The Senate Energy and Natural Resources Committee is expected to approve the nomination of Joseph Pizarchik to head the Office of Surface Mining Reclamation and Enforcement on Tuesday, but coal-field activist groups from his home state of Pennsylvania are rallying against him in hopes of preventing his confirmation.
Pizarchik is currently the director of the Bureau of Mining and Reclamation in the Pennsylvania Department of Environmental Protection. Citizen groups organizing against some of the destructive practices of the coal industry in the state have protested his appointment, arguing that he has a record of endorsing mining and coal-waste disposal policies that are environmentally hazardous.
The Mountain Watershed Association sent a letter in June questioning his selection for the post. “We do not believe this is a good choice as several environmentally dangerous policies have been expanded under his watch,” the group wrote. “One of these is the practice of burying power plant waste in unlined pits, sometimes in old mines, creating contamination in groundwater.”
Over the weekend, anther citizen group based in the state announced that they are filing suit against the against the Department of Interior’s Office of Surface Mining Reclamation and Enforcement (OSMRE) for failure to enforce the federal Surface Mining Control and Reclamation Act in its oversight of Pennsylvania’s mining office.
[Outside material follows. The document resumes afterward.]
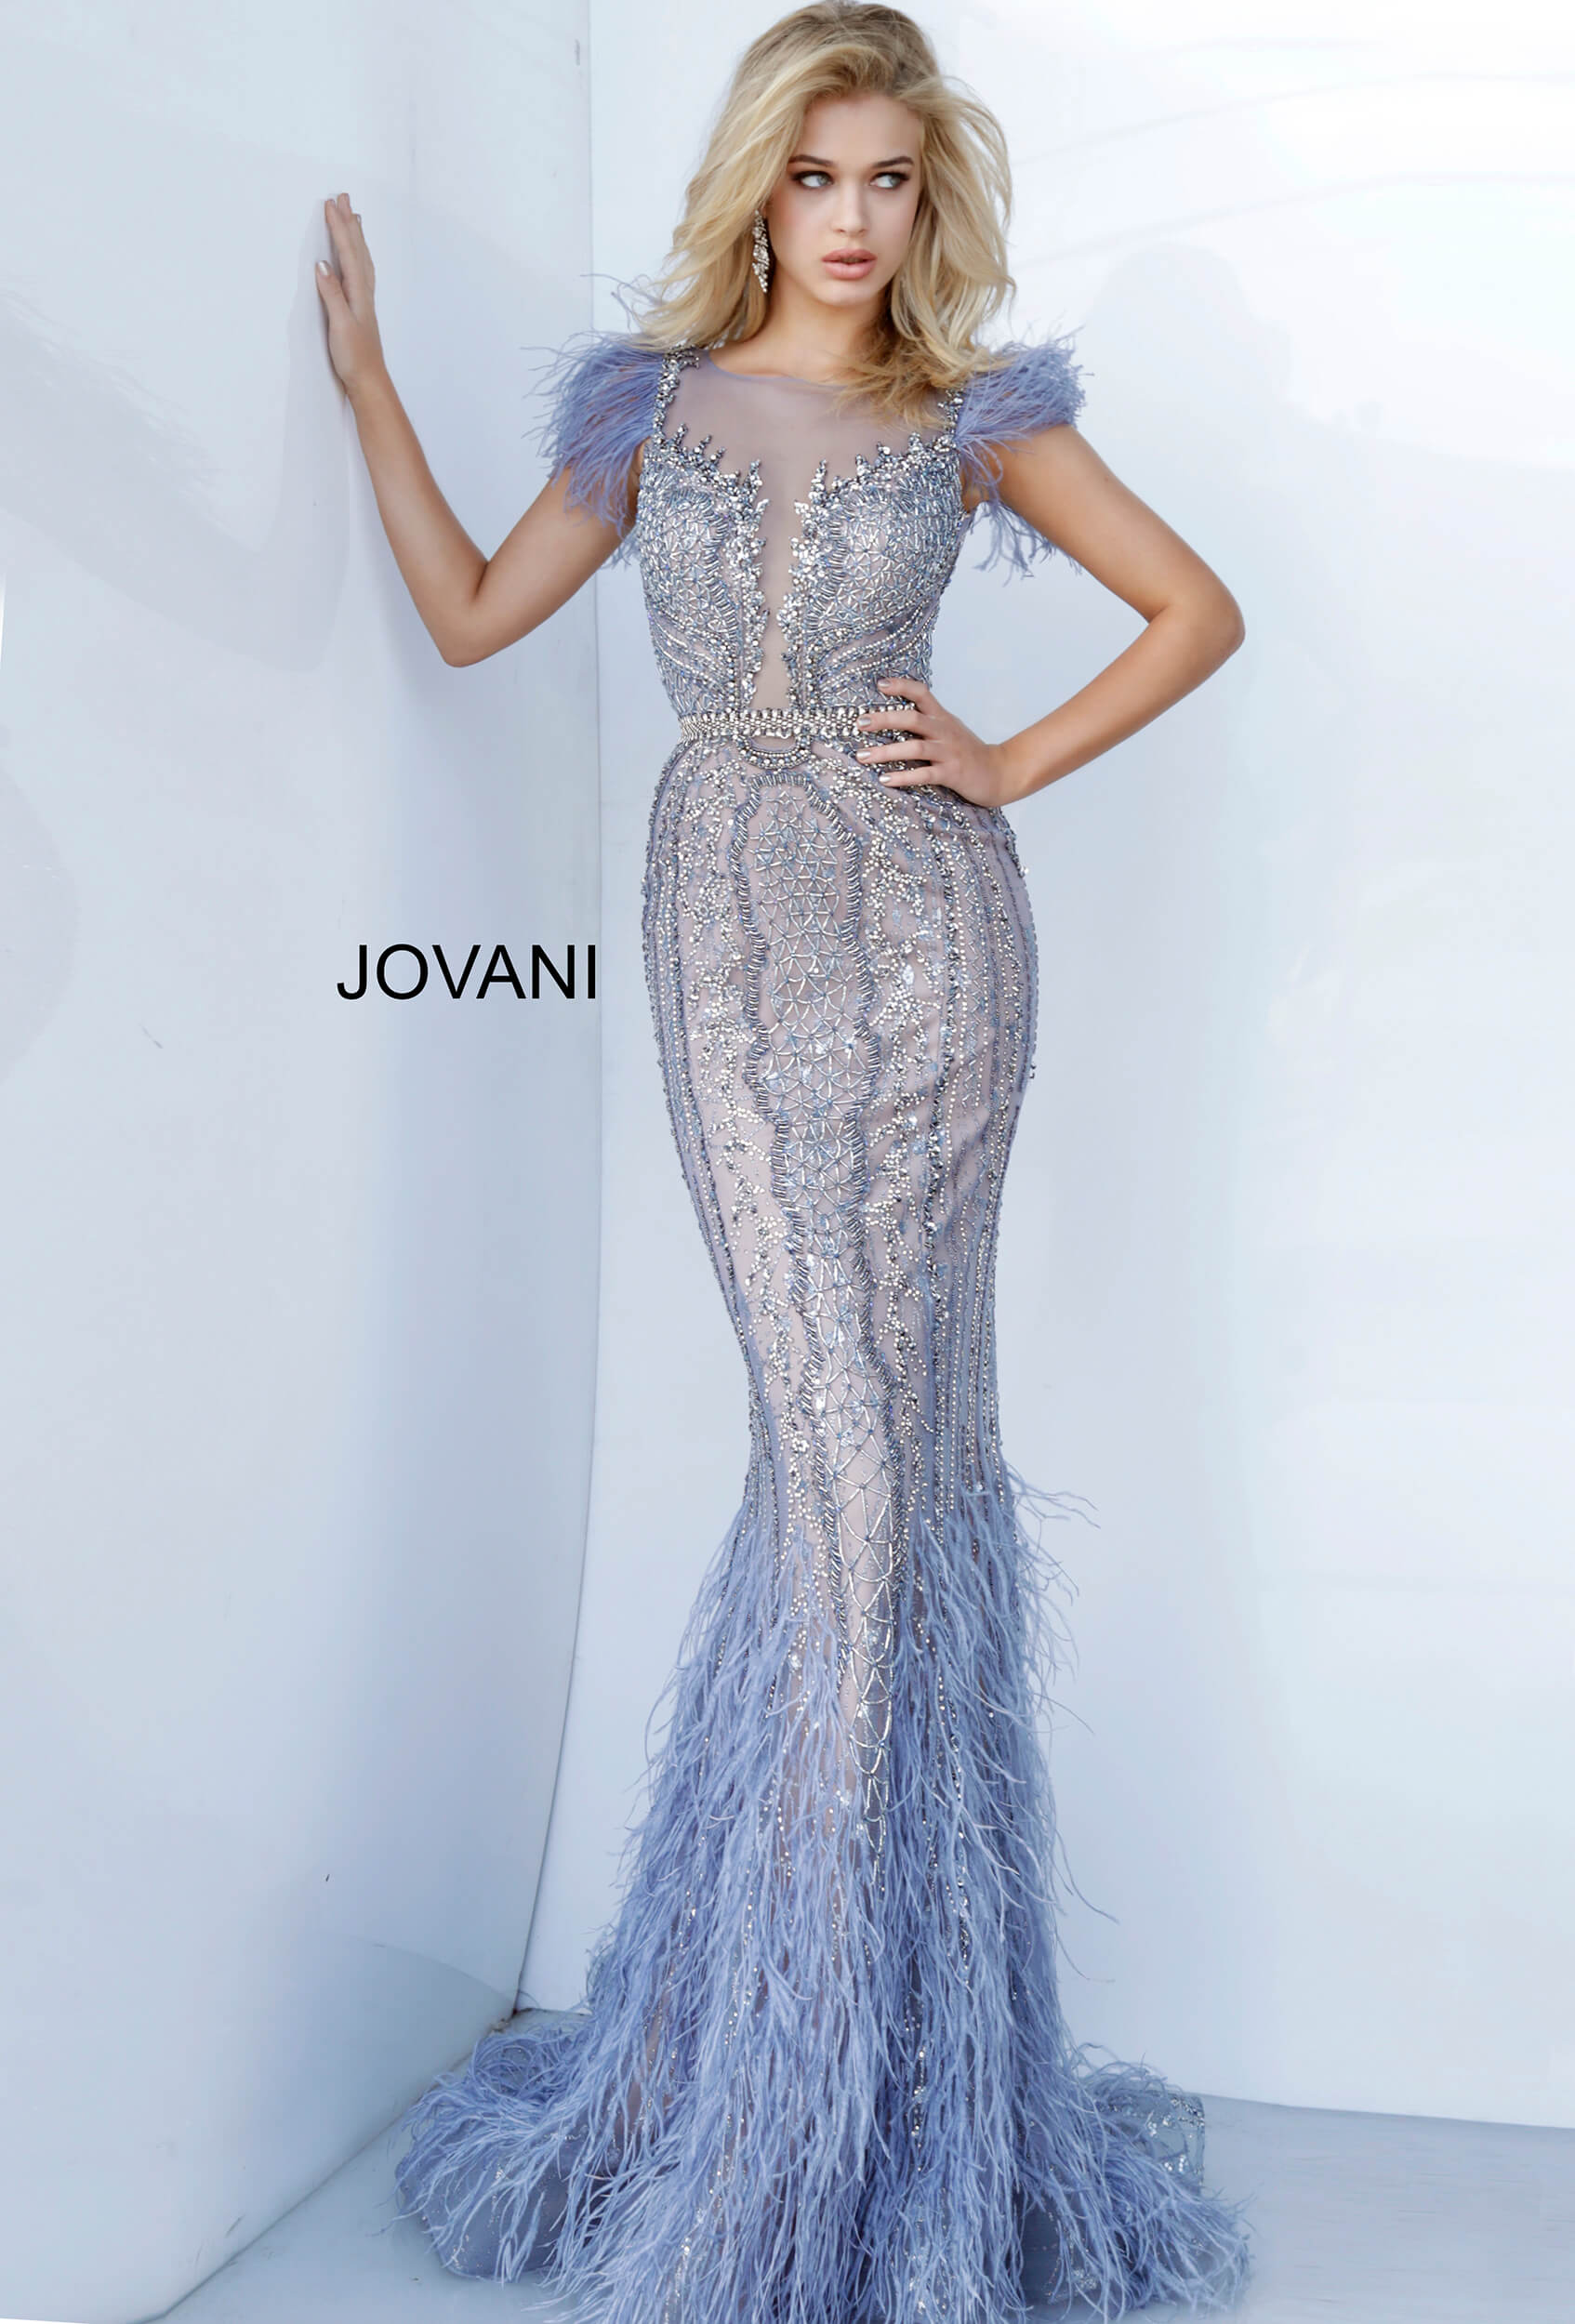 Jovani Couture 02326 is a long fitted Formal Evening Gown Great For Pageants, Red Carpet Events, Event Guests & More! Fit & Flare Mermaid silhouette with a sheer Illusion high neckline with a plunging effect with mesh trimmed in Embellishments that cascade into the bodice. Hand Beaded with sequin, liquid beading, Beaded Fringe tassels & rhinestones. Vintage blue embellished evening dress with a sheer illusion boat neckline, feather trim cap sleeves, beaded waist belt and closed sheer back.

They accuse the OSMRE of “chronic and deliberate violations” of SMCRA for ignoring their policies on the disposal of millions of tons of coal ash.
The problems with coal ash disposal hit the national radar last December, as an earthen dike owned by the Tennessee Valley Authority’s Kingston Fossil Plant broke, unleashing 1.1 billion gallons of coal slurry into the surrounding area of Tennessee. Citizens Coal Council board member Michael Nixon argued in a statement that the violation of SMCRA is among many reasons the Senate should question Pizarchik’s nomination:
This is just one of the many reasons that President Obama’s nomination of PA DEP’s Joe Pizarchik to be OSMRE Director is unacceptable to so many people, in Pennsylvania and nationwide. It’s not too late to find the right person for the job, because that person certainly isn’t Joe Pizarchik, the ringleader of DEP’s chronic servitude to industry’s coal ash disposal and mine dumping schemes.